**TRY IT**. Everything from the line with "Elvis Presley: When" to the last line of the listing must be retyped exactly, both ends included, with the pictures dropped.

**EXERCISE DATA**.
· · ·
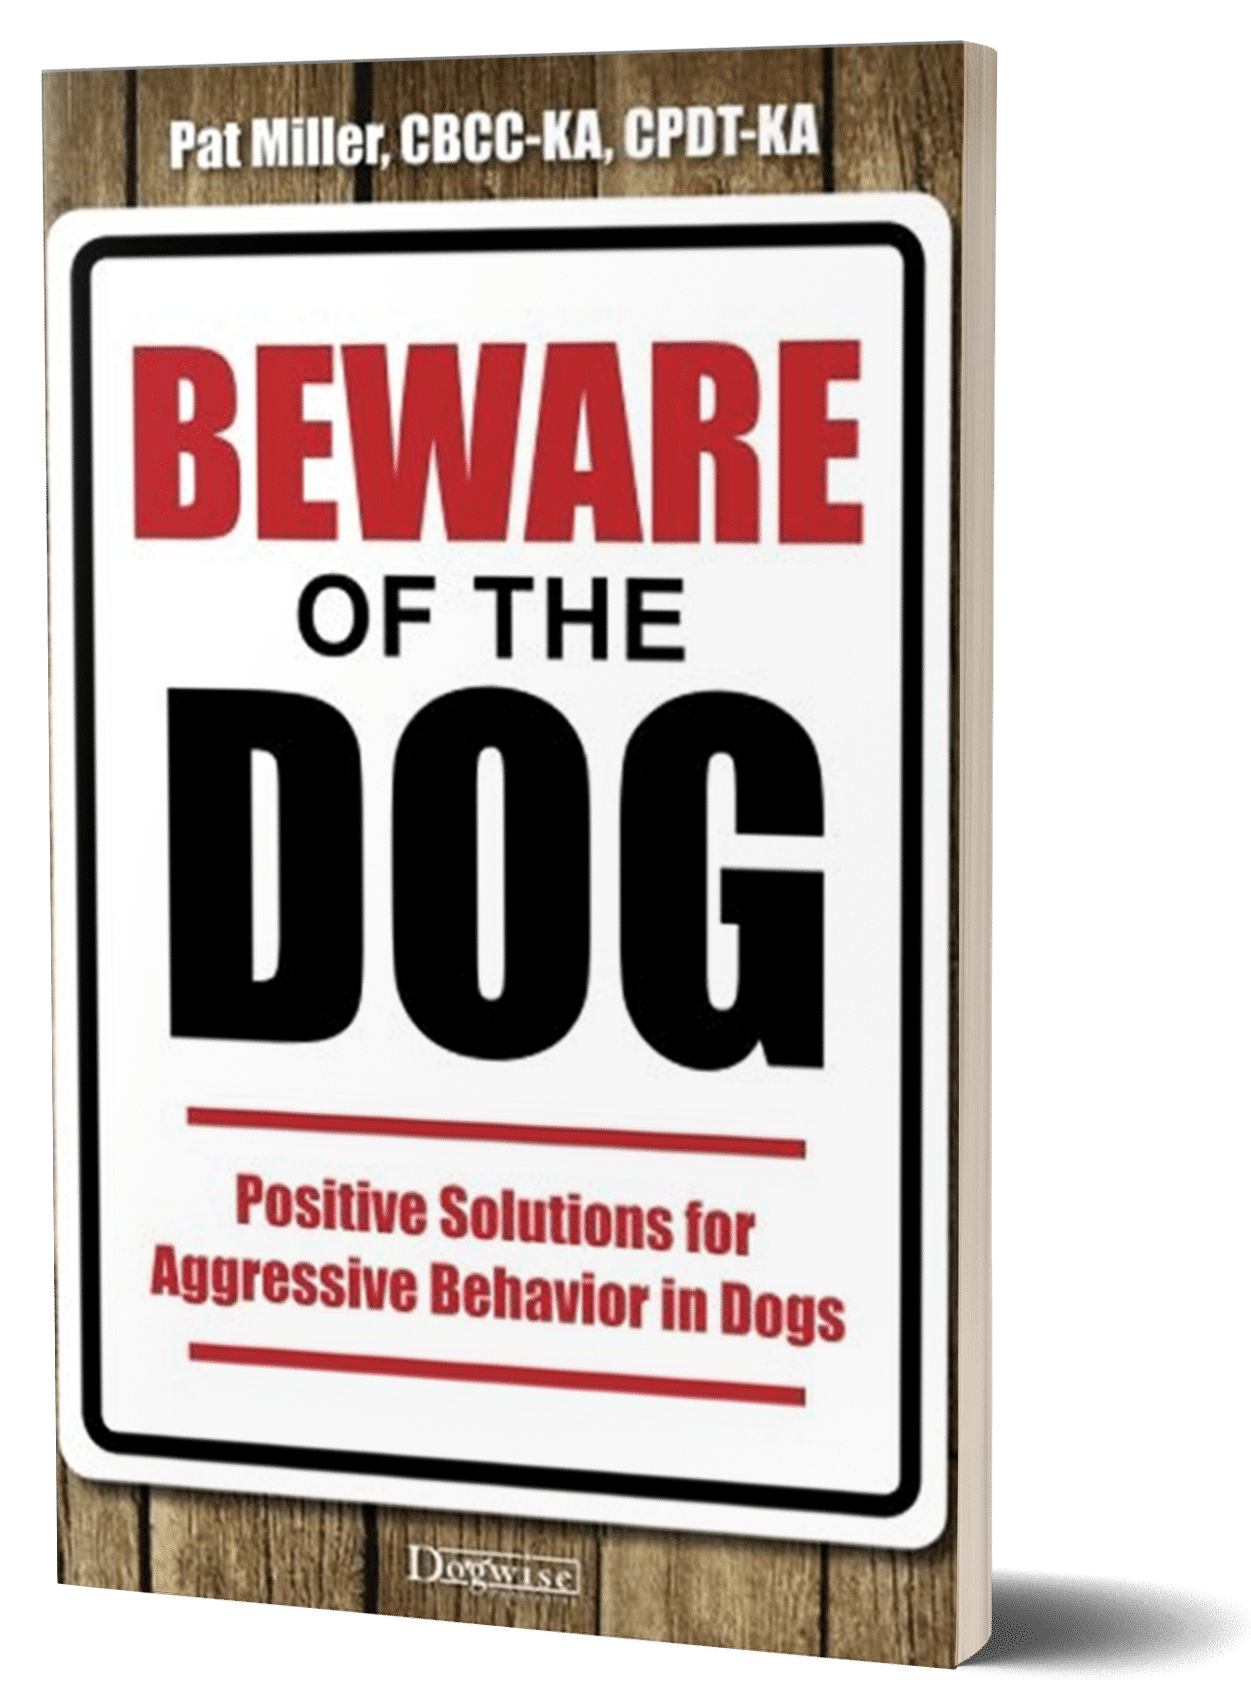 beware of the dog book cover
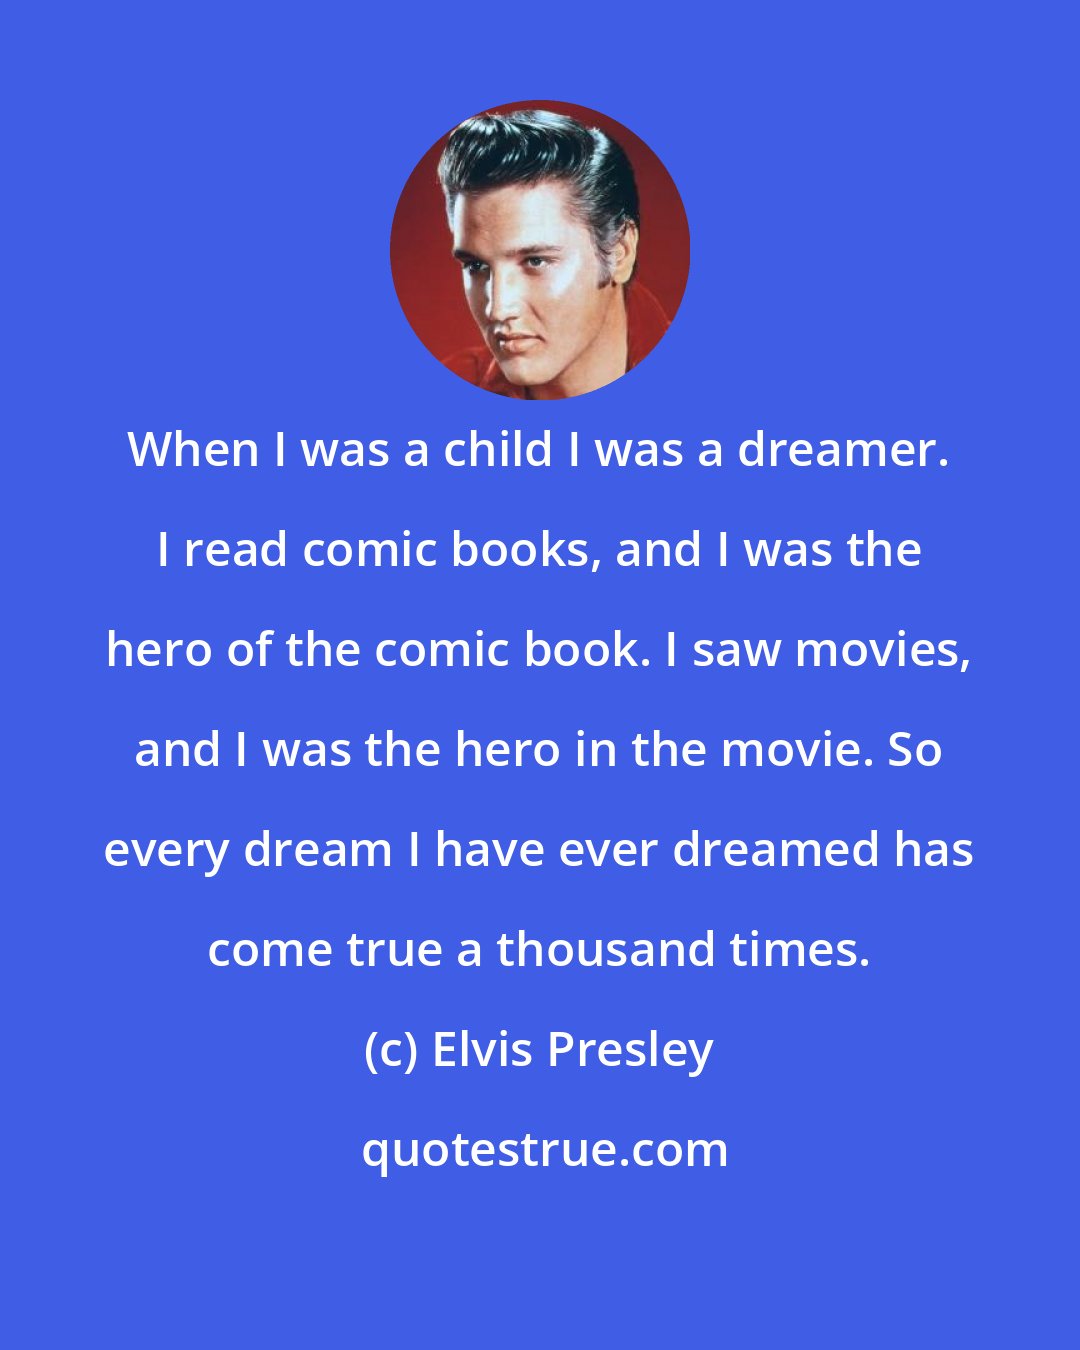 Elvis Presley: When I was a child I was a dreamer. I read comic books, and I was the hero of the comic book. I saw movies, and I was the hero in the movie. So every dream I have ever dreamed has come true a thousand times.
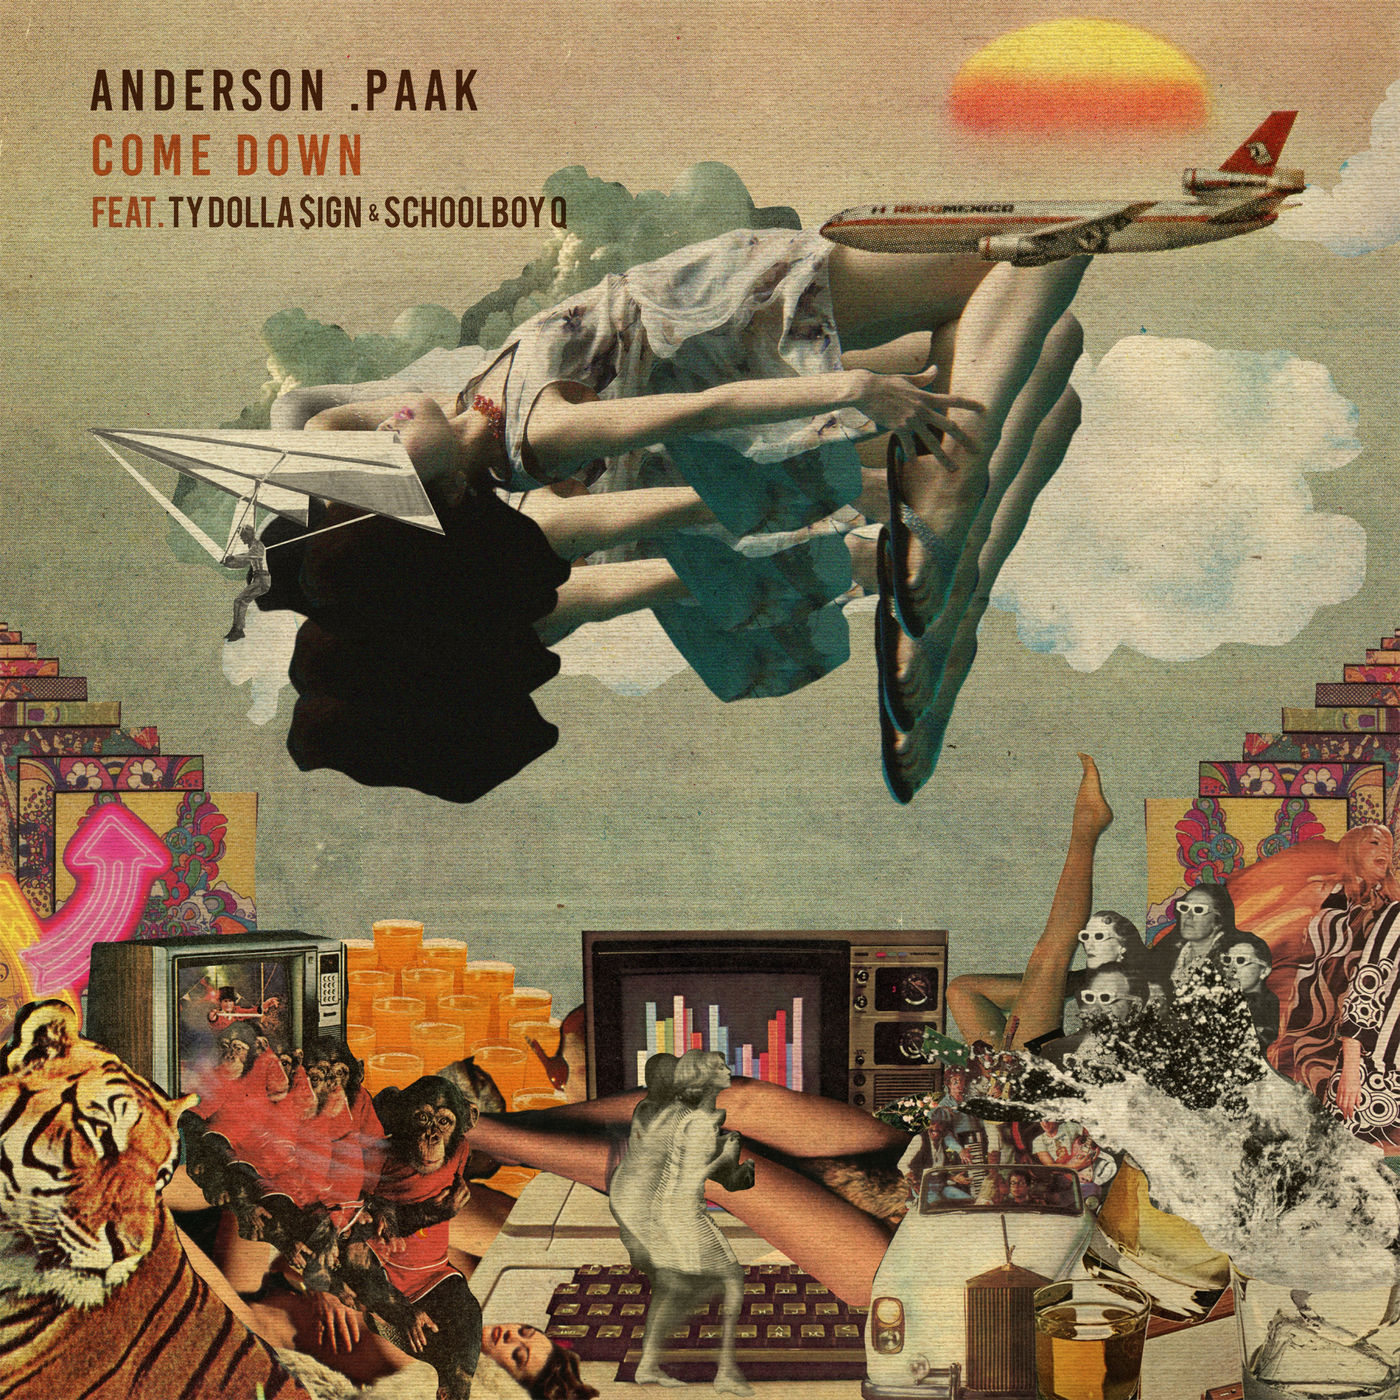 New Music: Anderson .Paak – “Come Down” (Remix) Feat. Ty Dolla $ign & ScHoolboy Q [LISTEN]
· · ·
**ANSWER TO THIS EXERCISE**.
 Elvis Presley: When I was a child I was a dreamer. I read comic books, and I was the hero of the comic book. I saw movies, and I was the hero in the movie. So every dream I have ever dreamed has come true a thousand times.
 New Music: Anderson .Paak – “Come Down” (Remix) Feat. Ty Dolla $ign & ScHoolboy Q [LISTEN]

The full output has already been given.